Trying to create Custom Log Alert for 5xx errors on Azure App Service Application Insight

Occasional Visitor

I've got an Application Insight set up for one of our App Services, and what I'm trying to do is get alerted when more than a certain percentage of requests fail.  We're not looking to hardcode values due to the fact that our traffic levels vary wildly throughout the year and having to manually enter them over and over seems unnecessary.


Let's pretend I want to be alerted when more than 1% of HTTP requests fail over a rolling period of 5 minutes.  At a high level, I understand I need to create a Custom Log Alert that does something to the effect of:

- Count the total number of HTTP requests in the previous 5 minutes (totalRequests)

Count the number of failed HTTP requests in the previous 5 minutes (failedRequests)

- Math: failedRequests / totalRequests = failedPercentage

- If: failedPercentage > 0.01, trigger alert


But what I don't understand is how I'd implement that logic in the custom log alerts.  I've got as far as creating this search query:


| summarize failedRequests = countif(resultCode == "500"), totalRequests = count()
| project failedPercentage = failedRequests / totalRequests
| extend should_alert = failedPercentage > 0.01

 which is just based on some example code sent to me by an MS Support Engineer (so I apologize if I've made some assumptions with the summarize/project/extend functions), but rather than doing what I want, it updates the chart on the top part of the blade to be a perfect 1.0 which is definitely incorrect, since while we have had some errors in the previous 5 minute interval, the site is most certainly up and generally responding.  I've also changed the period and the frequency, yet no matter what options I try, the line graph stays at 1.0.

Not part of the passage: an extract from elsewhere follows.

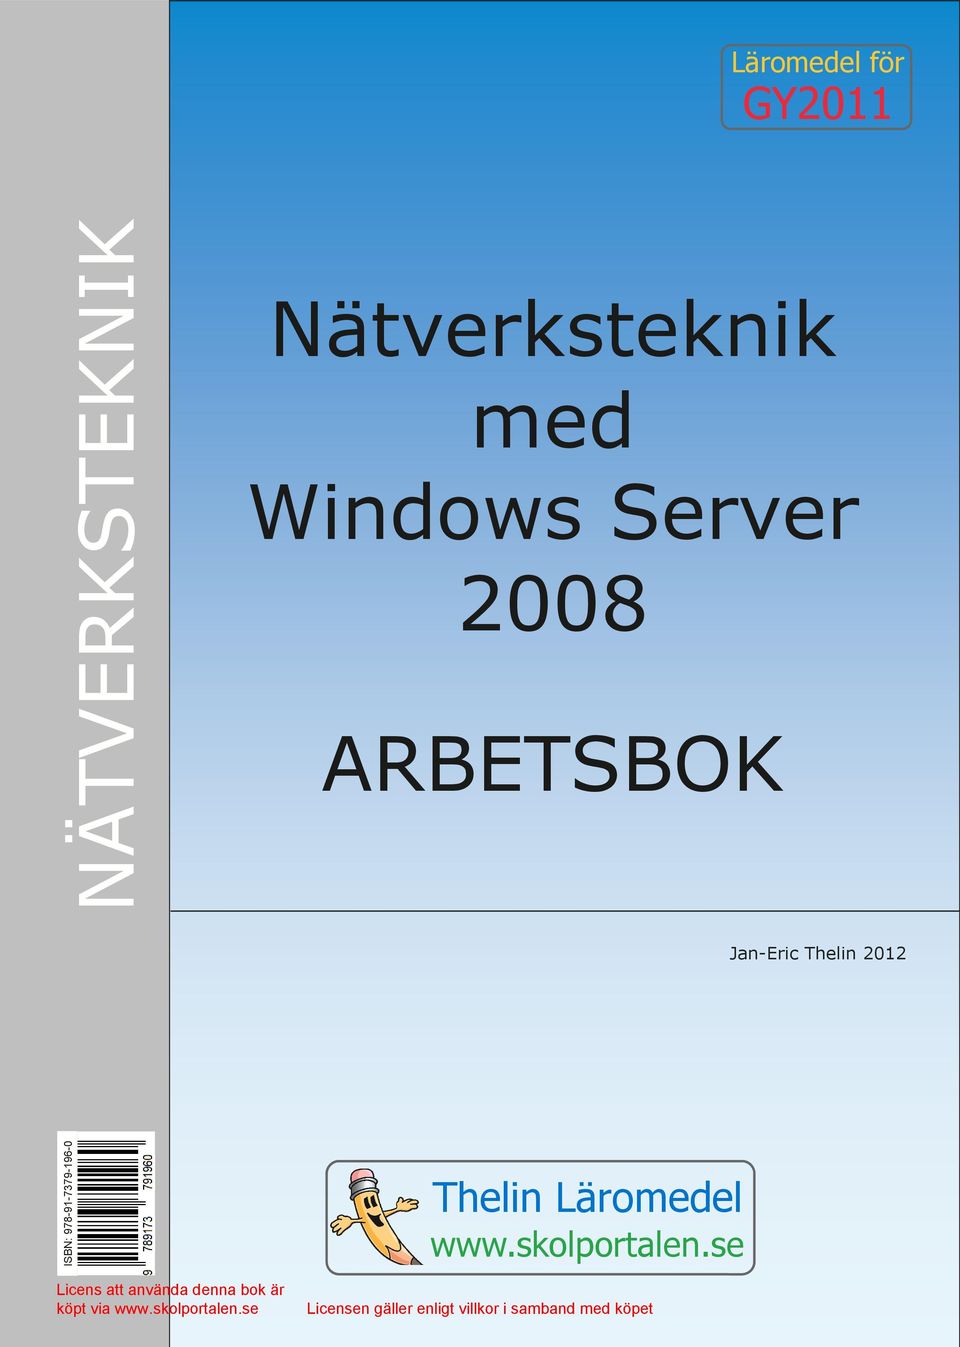 ARBETSBOK Jan-Eric Thelin 2012 ISBN:

Can someone tell me what I'm missing here, and then also, what I should do with "should_alert" to get it to trigger, or if that's a reserved keyword for this service that takes the place of the fields at the bottom of the window?

1 Reply

I did a post a while ago that may help.  Different scenario, but similar idea.  I did a lookback average from 30 minutes ago to 5 minutes ago, and compared that to the last 5 minute average.  If the 5 minute average was above a threshold, create an alert.


Hope this helps.